Storylines There are two storylines in the work, each of which develops independently. The action of the first takes place in Moscow during several May days (days of the spring full moon) in the 30s. of our century, the action of the second takes place also in May, but in the city of Yershalaim (Jerusalem) almost two thousand years ago at the very beginning of a new era. The novel is structured in such a way that the chapters of the main storyline are interspersed with chapters that make up the second storyline, and these inserted chapters are either chapters from the master's novel, or an eyewitness account of Woland's events.
















The hero Azazello Azazello is one of Woland's henchmen; a small, broad-shouldered man with fiery red hair, a fang sticking out of his mouth, claws on his hands, and a nasal voice. The name of the character is reminiscent of the demon of Jewish mythology, Azazel, who lives in the desert; this is one of the traditional names for the demon; in Bulgakov's novel it is used in an Italianized form. A. mainly performs assignments related to physical violence: he throws Likhodeev out of Moscow, beats and kidnaps Varenukha together with Behemoth, beats and pushes Poplavsky down the stairs, during the ball brings Woland a dish with the head of Berlioz, then kills Baron Meigel with a pistol. In addition, A. performs the functions of a servant and a messenger: he fries meat and treats Sokov to them when he comes to Woland, appears as a nurse to Professor Kuzmin, speaks to Margarita in the Alexander Garden, handing her a wonderful cream. He also meets Margarita at the cemetery, delivers her to apartment 50 of building 302-bis on Sadovaya Street.

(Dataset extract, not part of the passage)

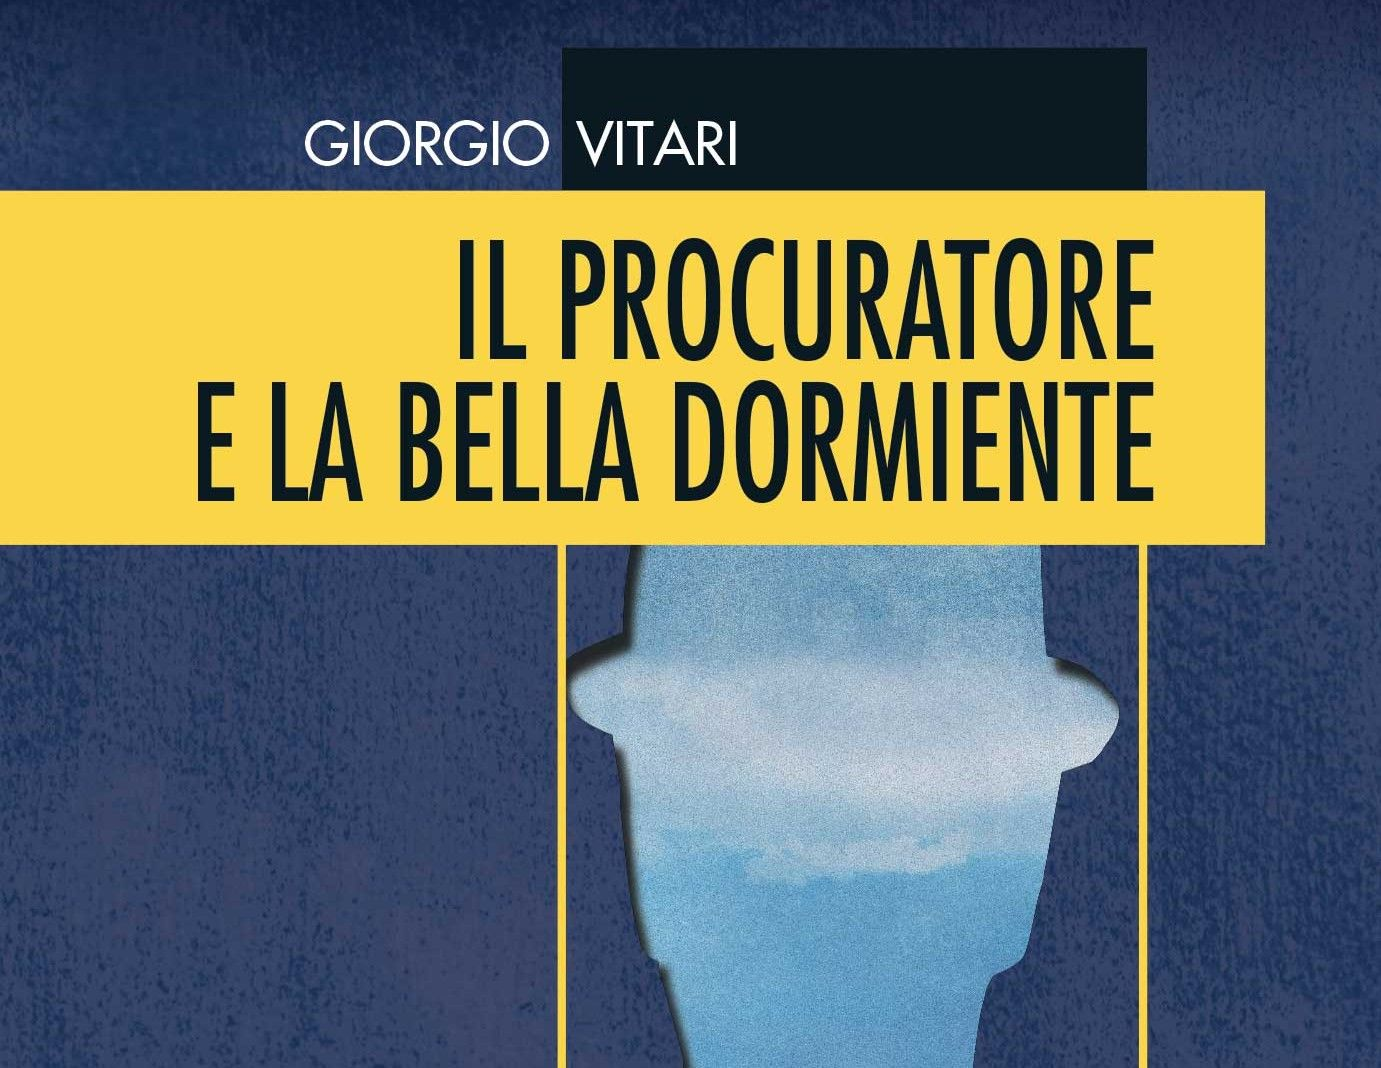 IVREA - Olivetti e il Carnevale diventano un libro giallo: lo ha scritto l'ex procuratore Giorgio Vitari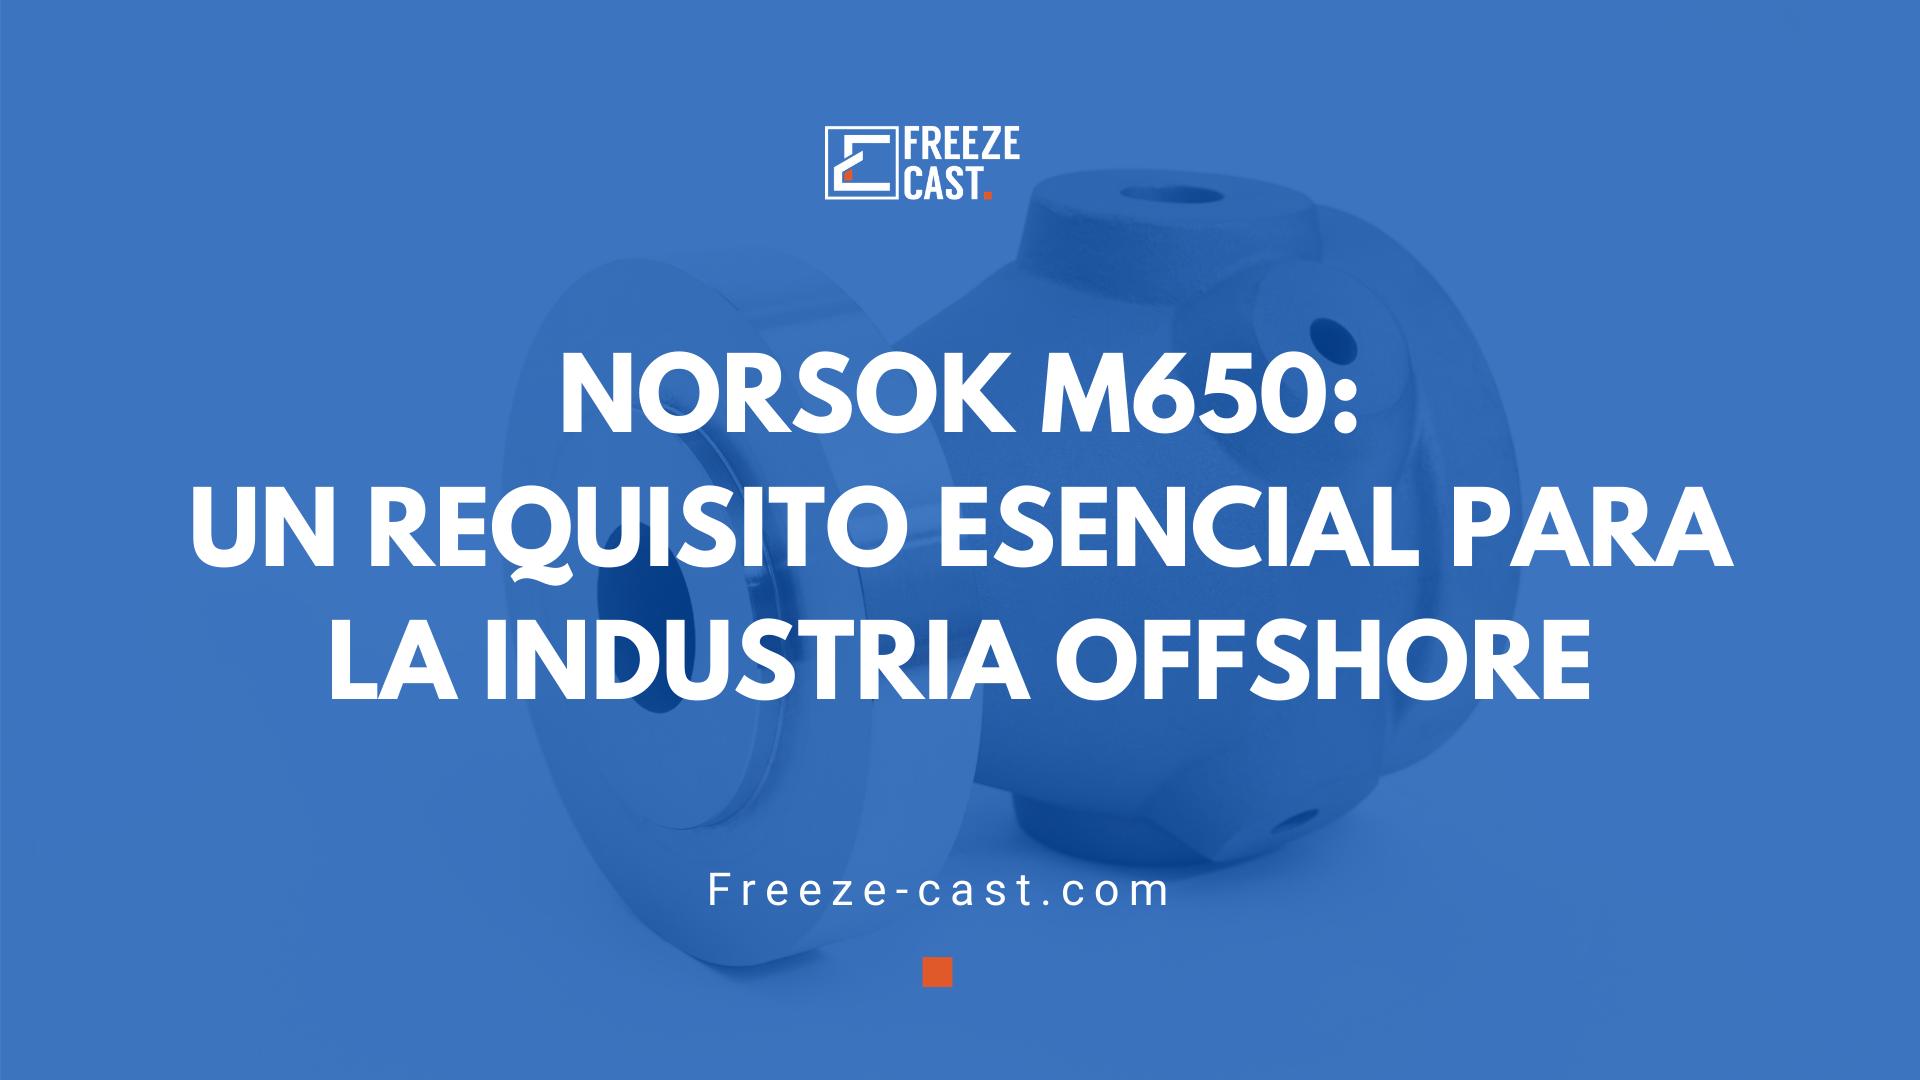 NORSOK M650: un requisito esencial para la industria offshore

A. visits the master and Margarita, who have returned to the Arbat basement, and on behalf of Woland invites them for a walk. The heroes die after drinking the wine brought by A., and thus pass into other existence. A. sets fire to the basement and, together with the master and Margarita, rushes over the city on a black horse: they fly "in the black tail of his cloak." During the last flight, A., "shining with the steel of armor", takes on a true form: his eyes are "empty and black", and his face is "white and cold"; he appears "as a demon of the waterless desert, a murderous demon."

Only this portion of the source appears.